**TASK REQUIREMENTS:** Copy out the full listing exactly, omitting any picture it contains.

**STORED DATA:**
####

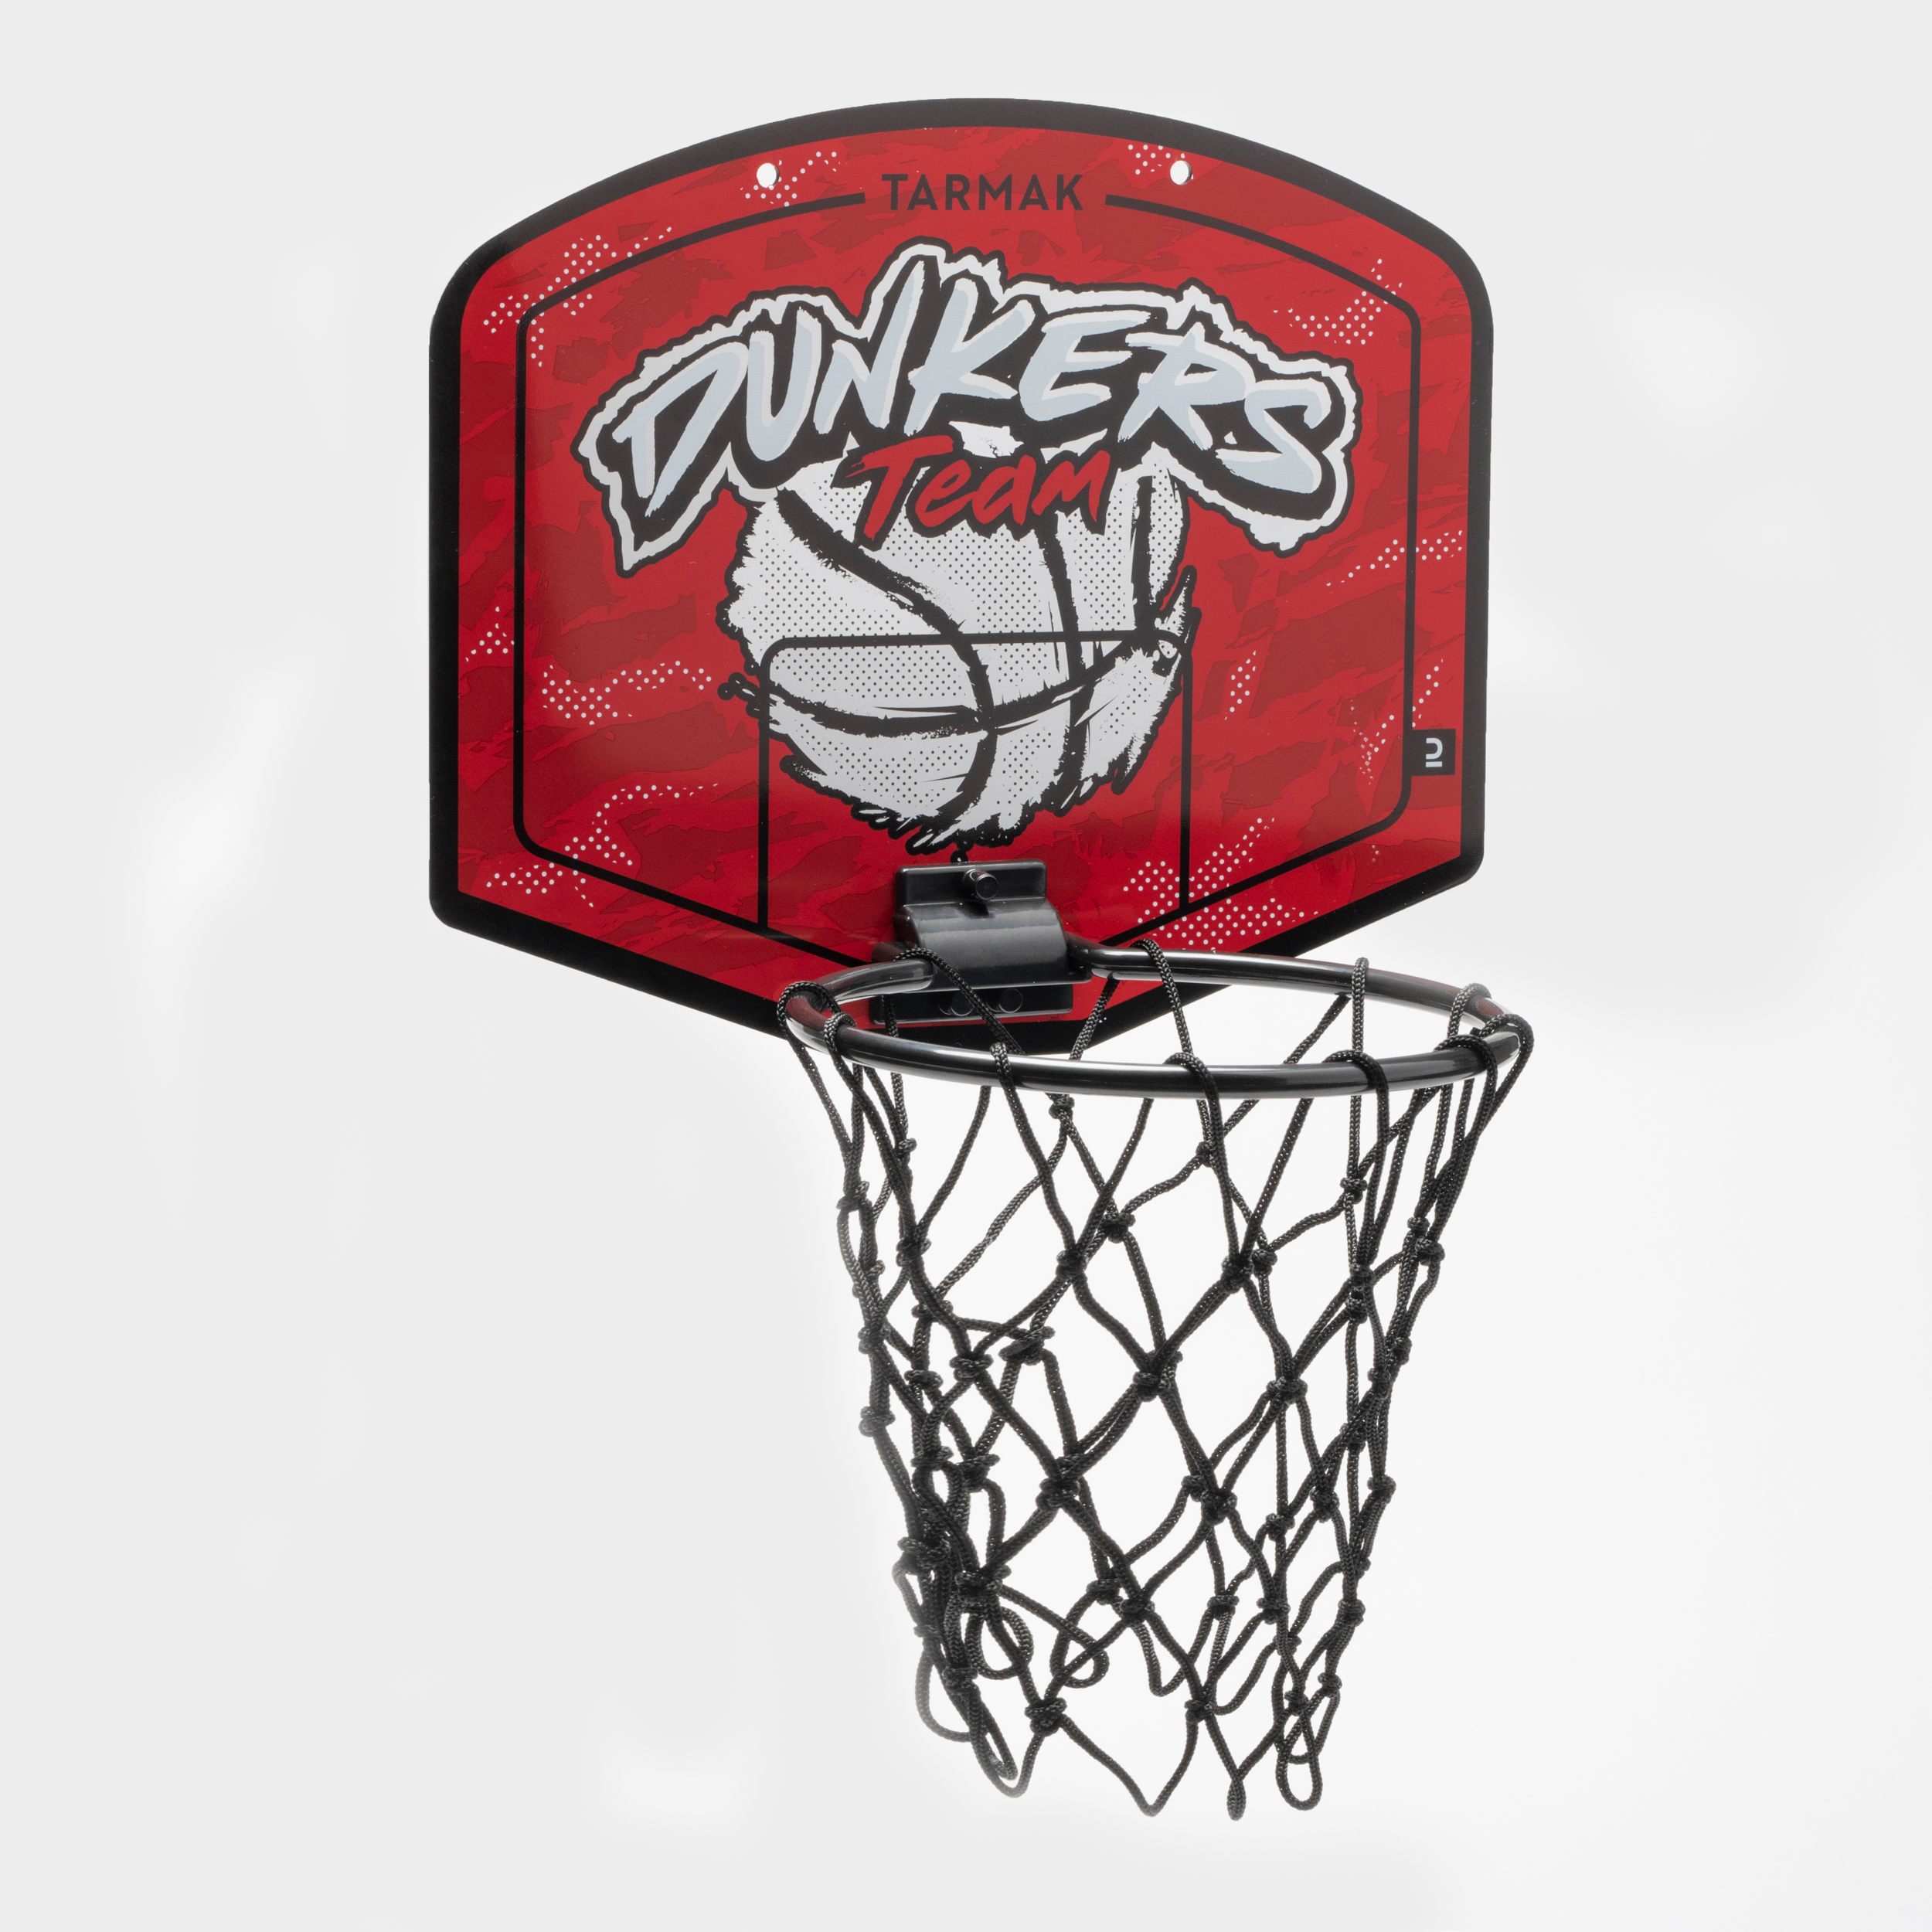 Mini Panier de Basket Mural, Panier de Basket Intérieur avec 2
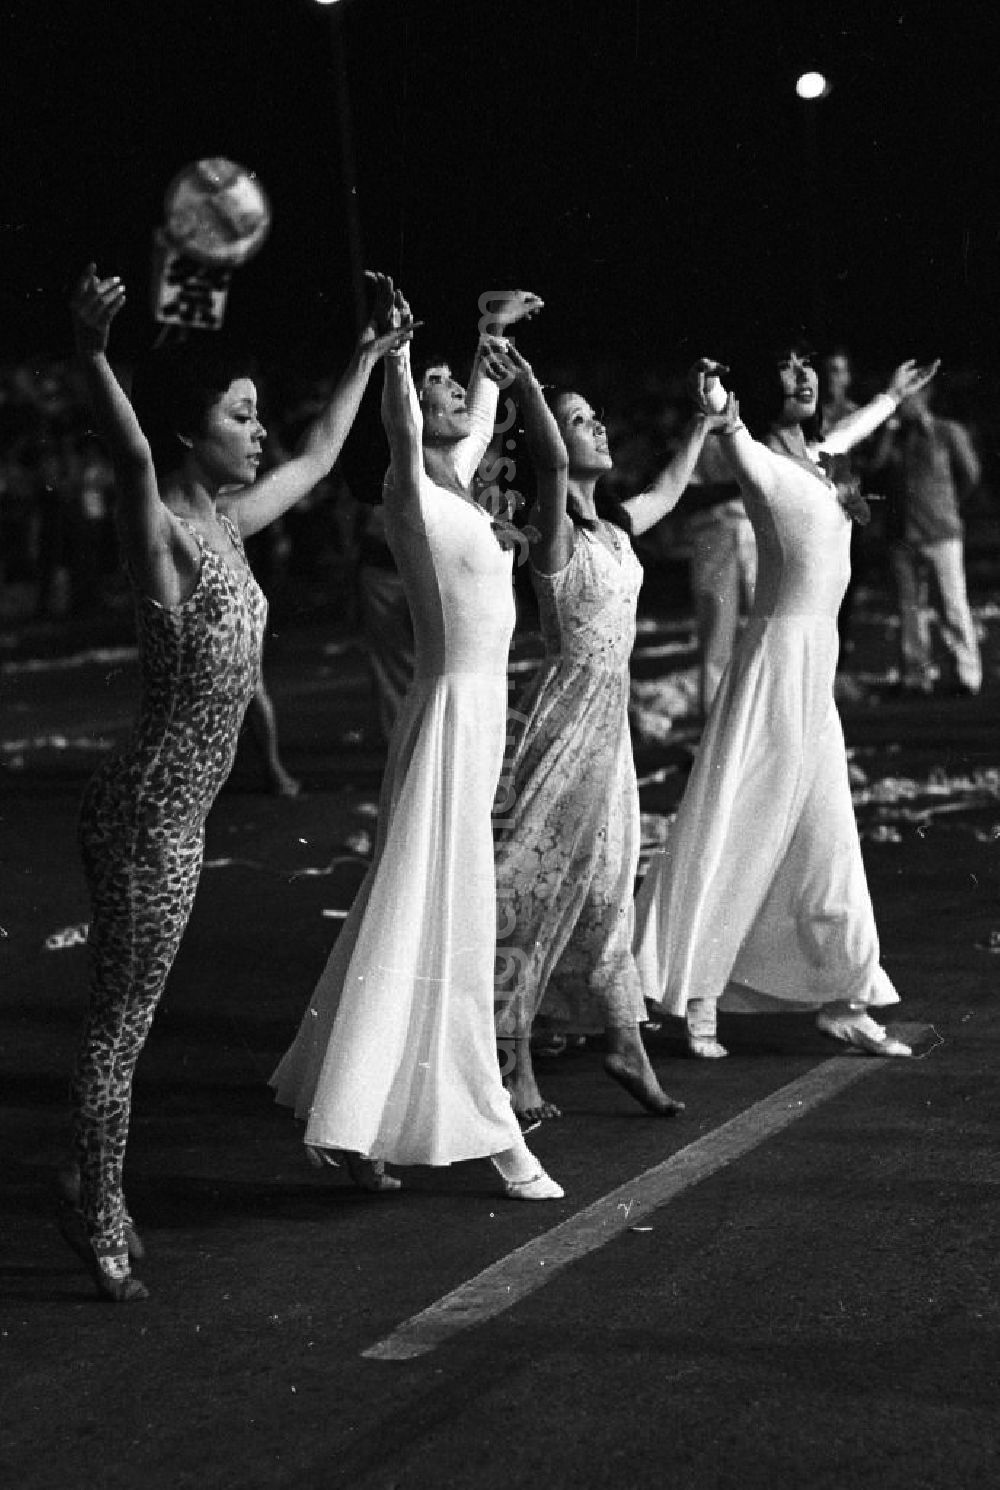 Havanna: Internationaler Karneval während der XI. Weltfestspiele vom 28.07. - 05.08.1978. Tänzerinnen der Delegation aus Japan. Das Festival stand unter dem Motto: Für antiimperialistische Solidarität, Frieden und Freundschaft. 18.500 Jugendliche aus 145 Ländern nahmen teil, darunter 20
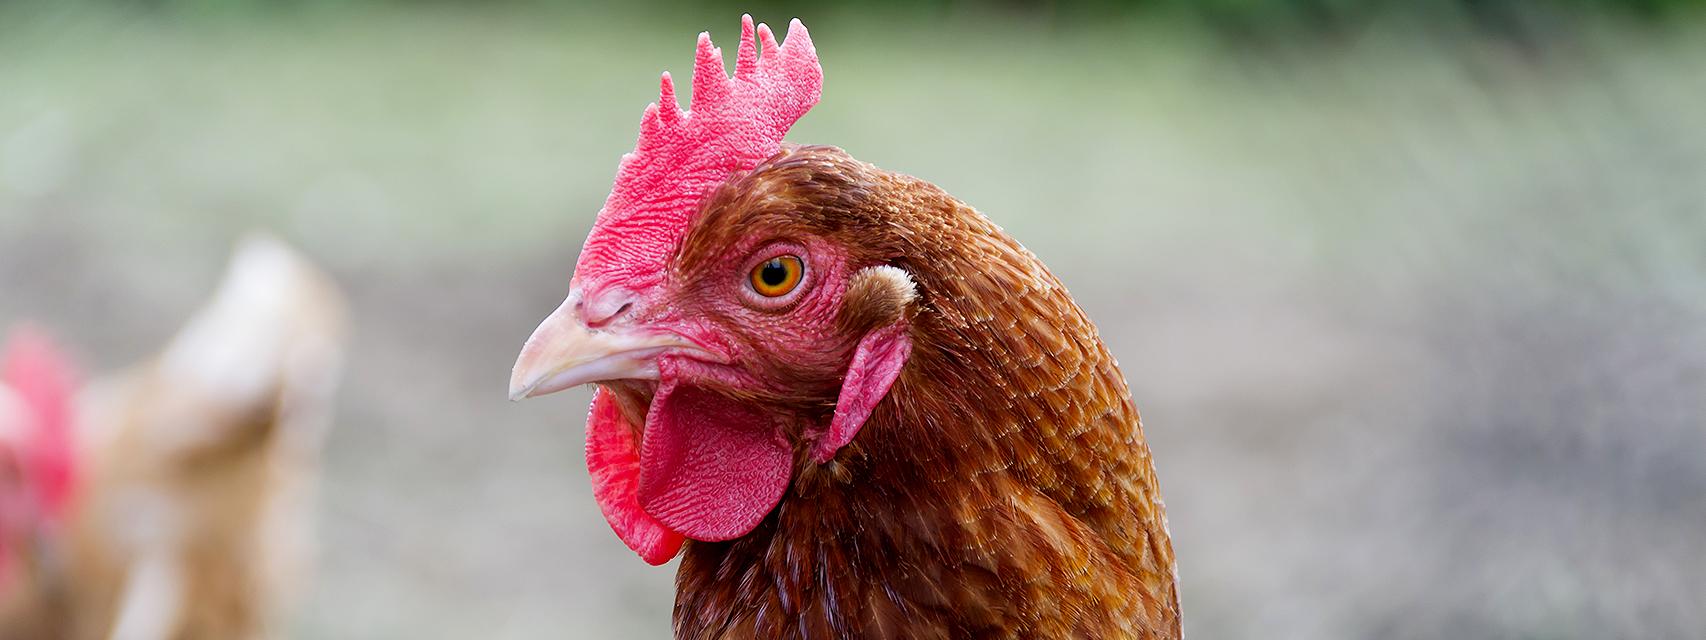 Ejemplar de un pollo campero de raza rubia, comercializado por Carrefour.
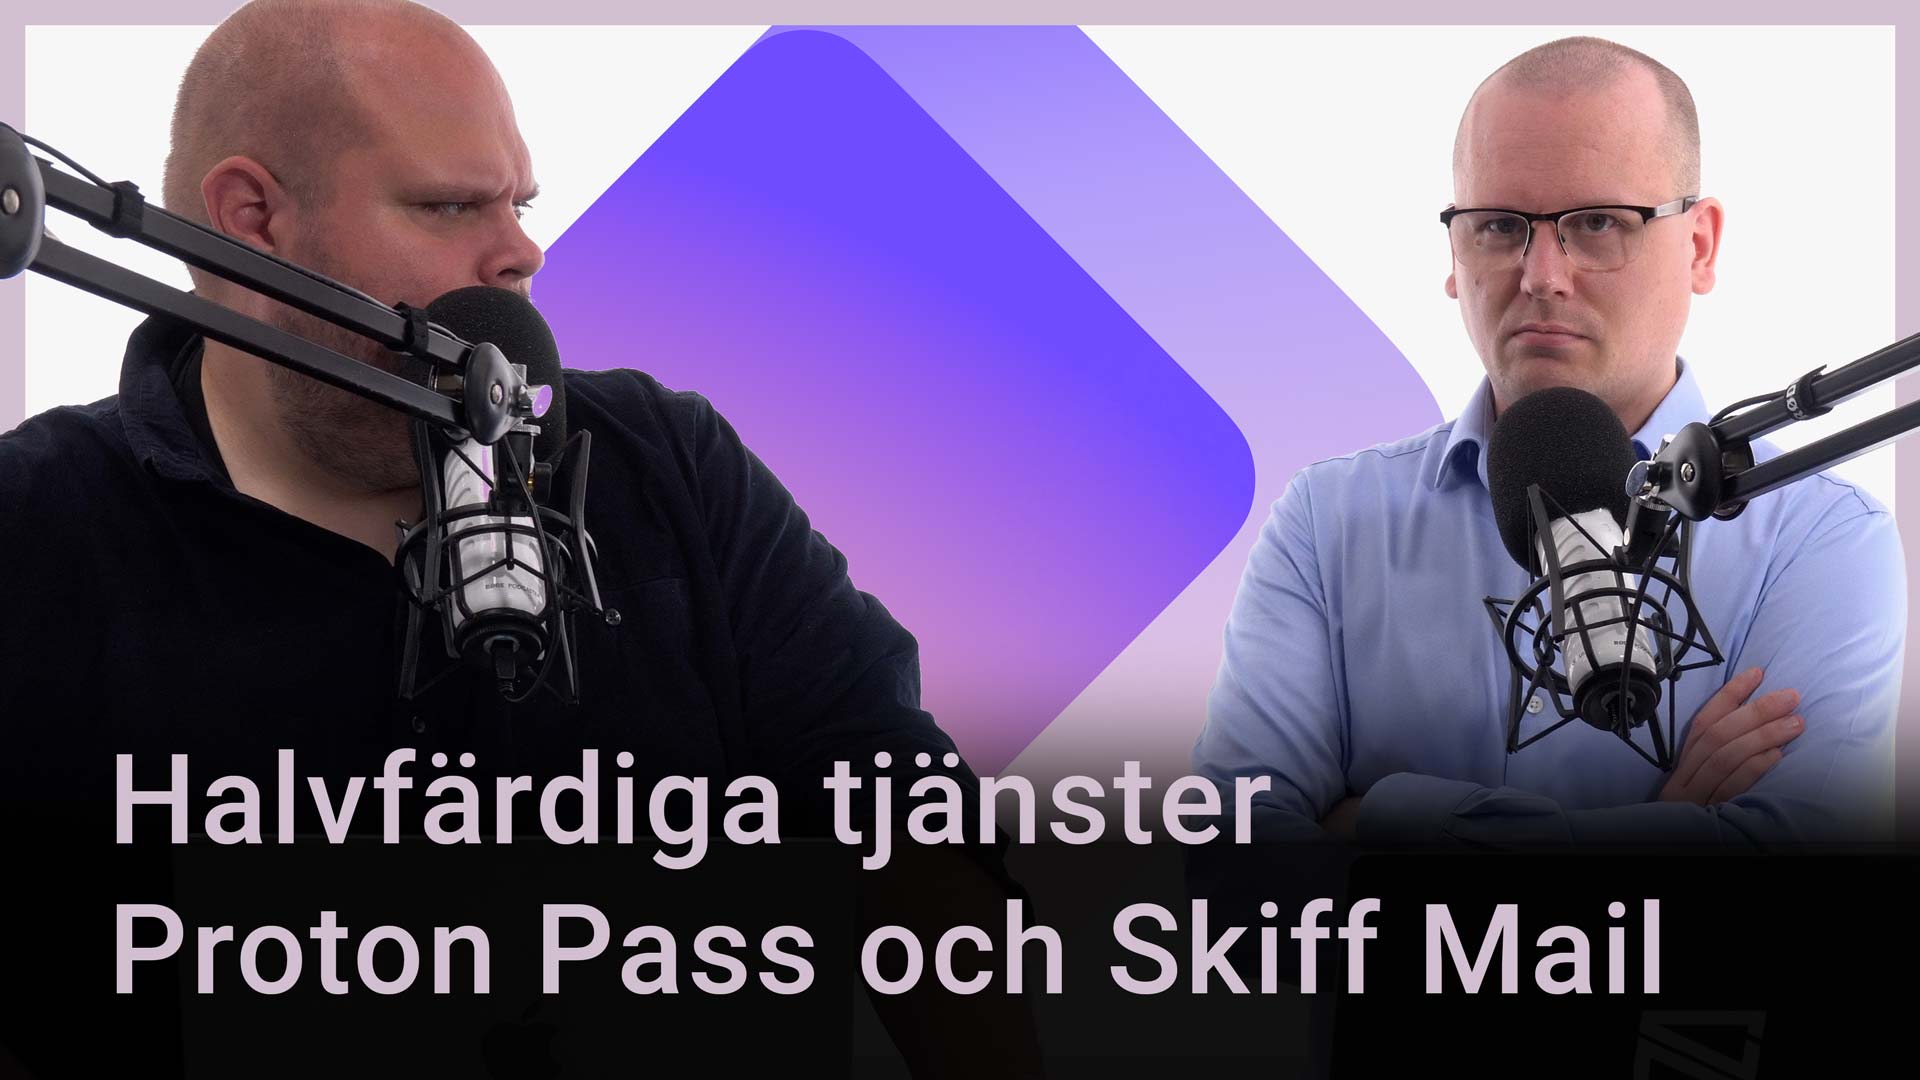 Peter Esse och Karl Emil Nikka står vid mikrofoner. Texten ”Halvfärdiga tjänster Proton Pass och Skiff Mail” står ovanpå.

####

**TASK OUTPUT:**
 Mini Panier de Basket Mural, Panier de Basket Intérieur avec 2
 Havanna: Internationaler Karneval während der XI. Weltfestspiele vom 28.07. - 05.08.1978. Tänzerinnen der Delegation aus Japan. Das Festival stand unter dem Motto: Für antiimperialistische Solidarität, Frieden und Freundschaft. 18.500 Jugendliche aus 145 Ländern nahmen teil, darunter 20
 Ejemplar de un pollo campero de raza rubia, comercializado por Carrefour.
 Peter Esse och Karl Emil Nikka står vid mikrofoner. Texten ”Halvfärdiga tjänster Proton Pass och Skiff Mail” står ovanpå.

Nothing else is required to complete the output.